What to do next week

One routine a week, one new skill. Where to start:

Install Claude Code (or Cursor / OpenCode / Codex CLI: all of them read the same SKILL.md). An hour for onboarding.
Pick one routine that repeats 3+ times a week. Putting together a report, sorting email, formatting documents, link checking, summarizing a meeting. Ostrikov puts it this way: “A candidate for a skill is anything that repeats and doesn’t require real thinking. If you don’t need to think, why spend hands on it?”
Describe the process by voice or text to the agent. 15-20 minutes. Then the prompt: “Create a skill based on this conversation”.
Run the skill 3-5 times, fix the obvious bugs. Ask the coding agent to write tests for every stage: checks on raw data before the LLM (input shape, presence of required fields), checks on output format after the LLM (those are EVALs already). Tests get written not only for code, but also for text and raw data. The goal: catch the error before the tokens get burned.
Install a couple of ready-made skills from skills.sh: token-audit, product-audit, something from anthropics/skills. Not for the sake of using them, but to look at how others structure steps, what they offload to references, how they write a VERIFY stage.
Optionally publish your skill on GitHub and on skills.sh: not for fame, for distribution within the team. With the security audit, it’s safer now.
Cancel one SaaS subscription that your first skill replaces. That’s the clean ROI of the first week.

After that comes the cycle: one routine a week → one new skill. After a quarter you have 12 skills and the subscription stack has shrunk by $100-150/mo. After a year that’s 50 skills, each saving 10-15 minutes a day. Ostrikov on his team gives the headline number: 2-3 hours a day for a manager who vibe-codes actively.

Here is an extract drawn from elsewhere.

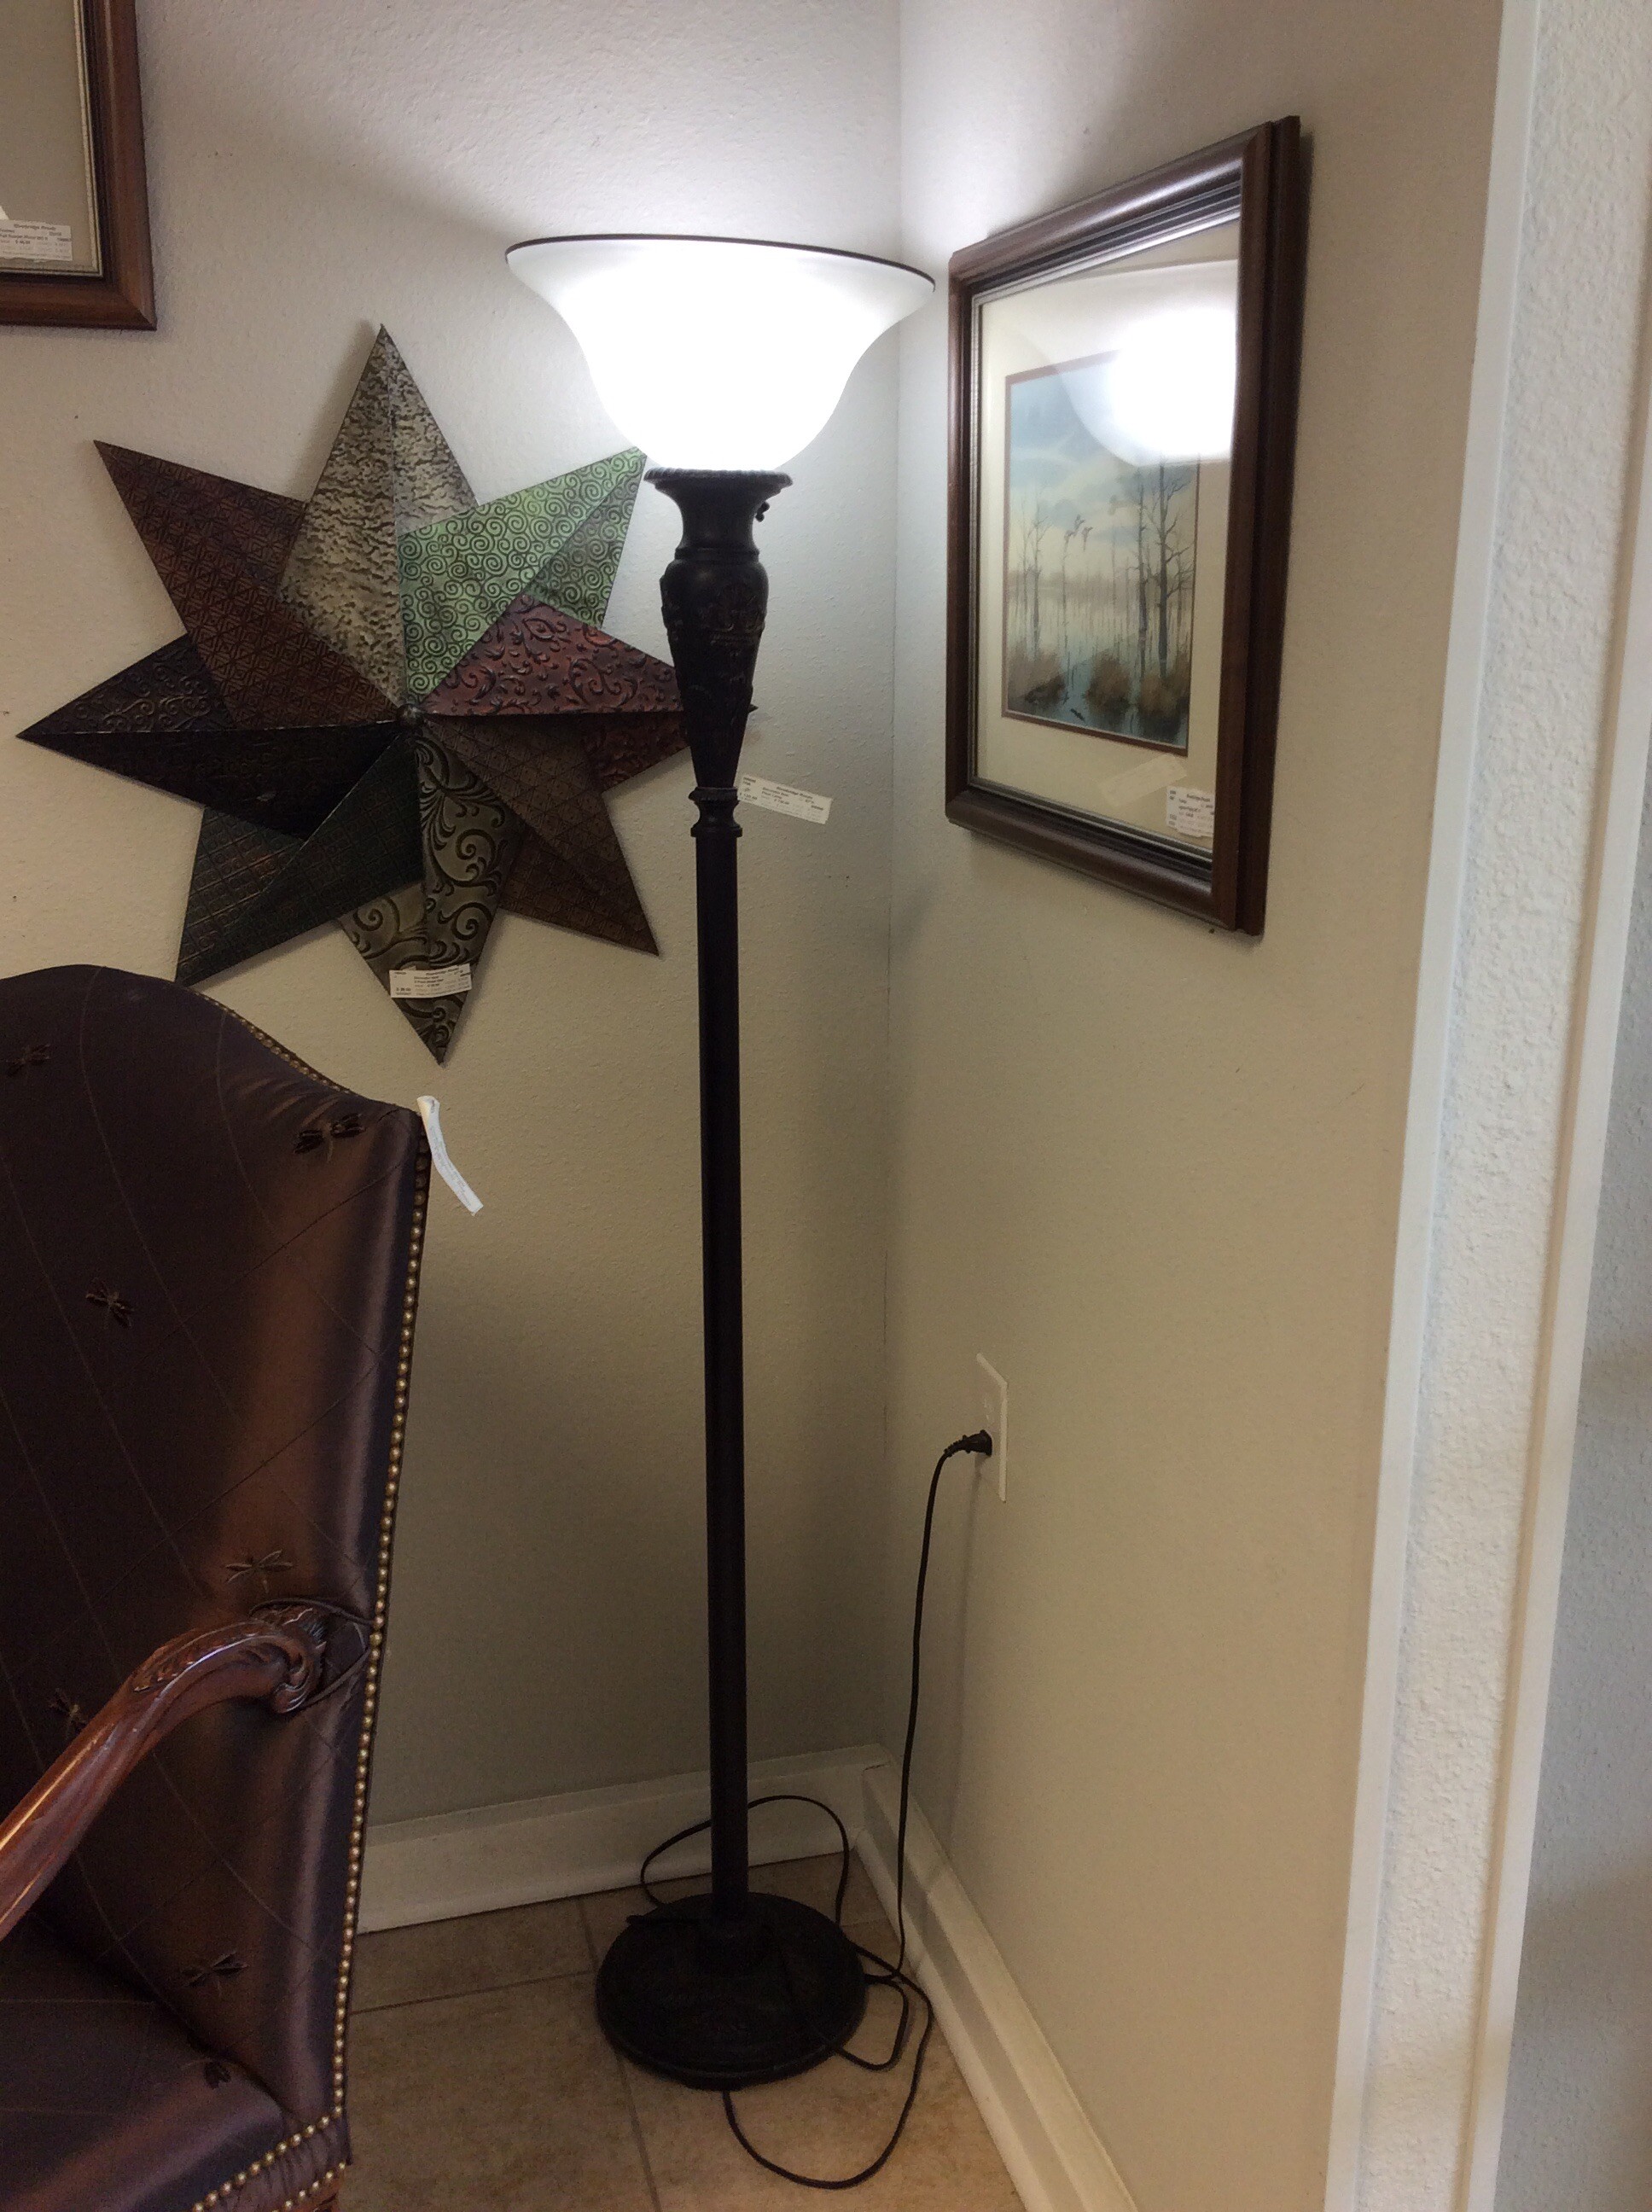 This floor lamp features a tall, slim black base with vintagy embellishments and a white uplight.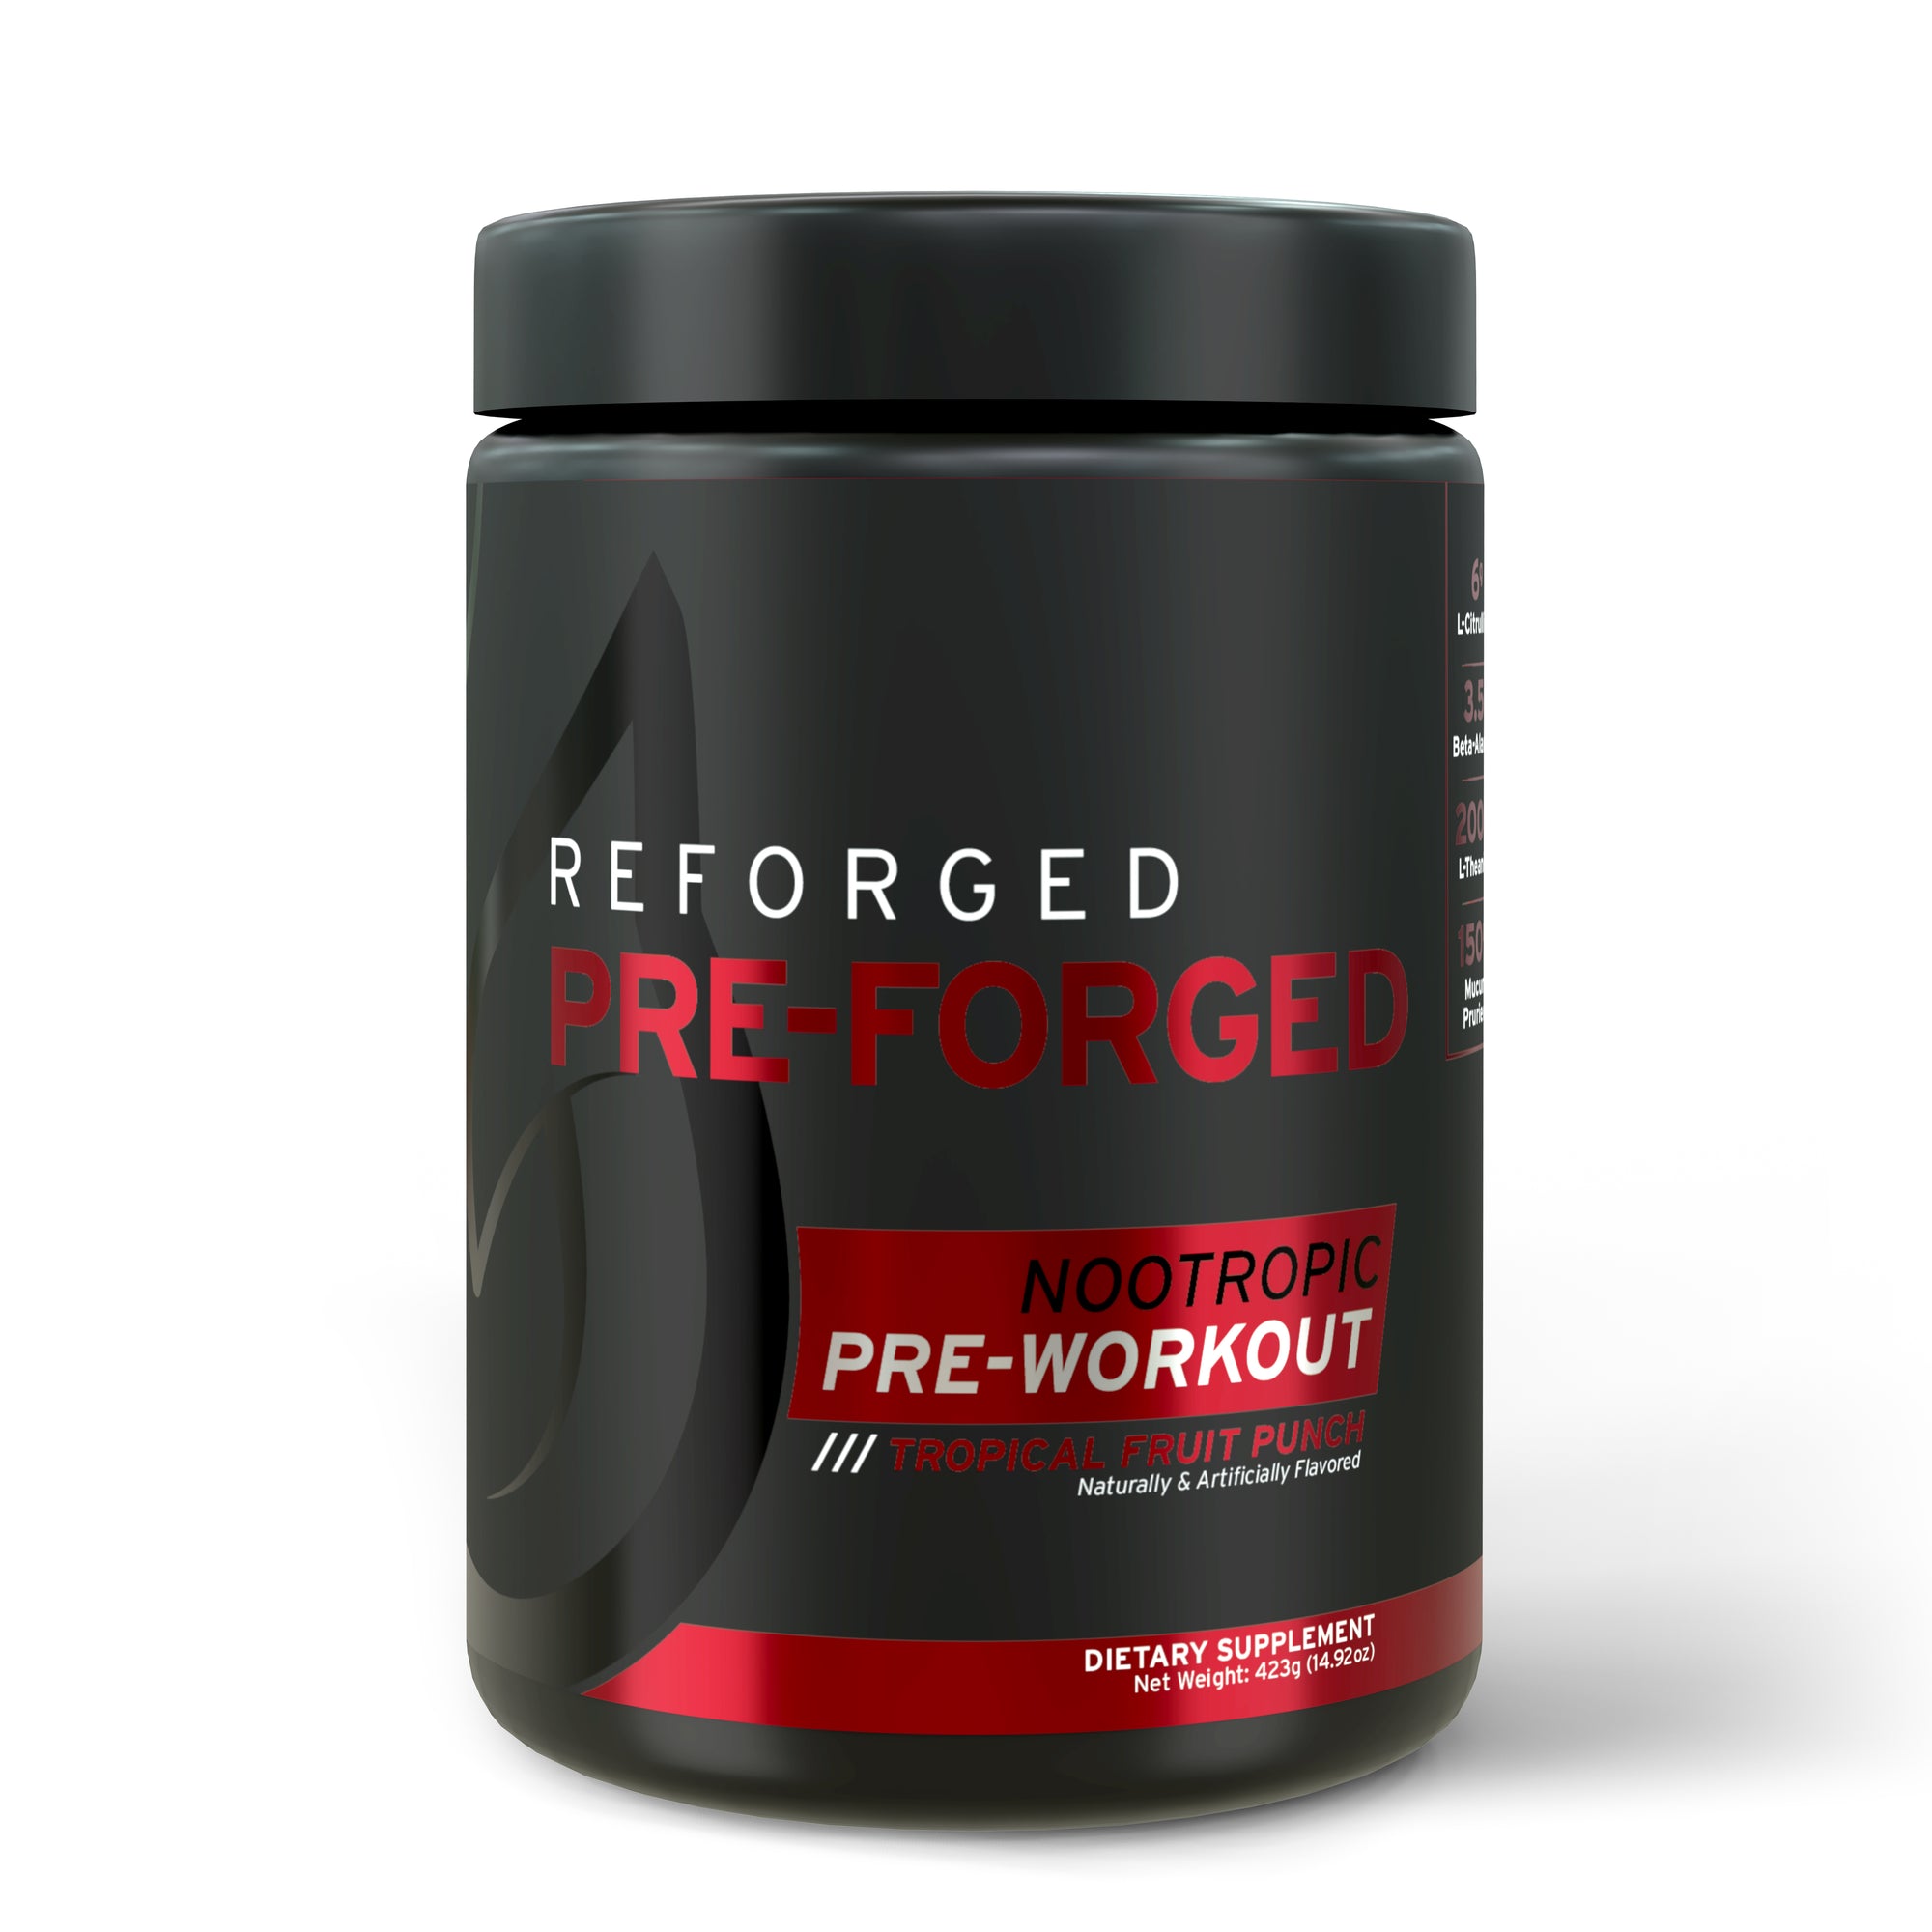 Pre-Forged Pre-Workout - Reforged

And in parallel a shift is happening for companies: the 10-person teams where 7 people on $200/mo subscriptions vibe-code their own skills on top of shared infrastructure are out-shipping companies of 1,000 people with no internal Skill Store. Simply because the big ones don’t have the infrastructure, and the two-layer architecture doesn’t work without it. Small teams gain an advantage, and it’s not temporary.

Skills as applications 2.0 are a new format of user interface for every profession: a conversation with an agent instead of a click in someone else’s UI. A library of your own 25 skills isn’t “I’m a nerd”, it’s your personal app store, where you yourself decide which functions you actually need.

P.S. and, by the way, you can ask the agent to visualize the data in plain HTML, and see the result in a UI you’re more used to. I’m testing this approach right now with yet another new skill for AI video generation (a replacement for weavy.ai subscriptions); I’ll write it up once I’m done testing.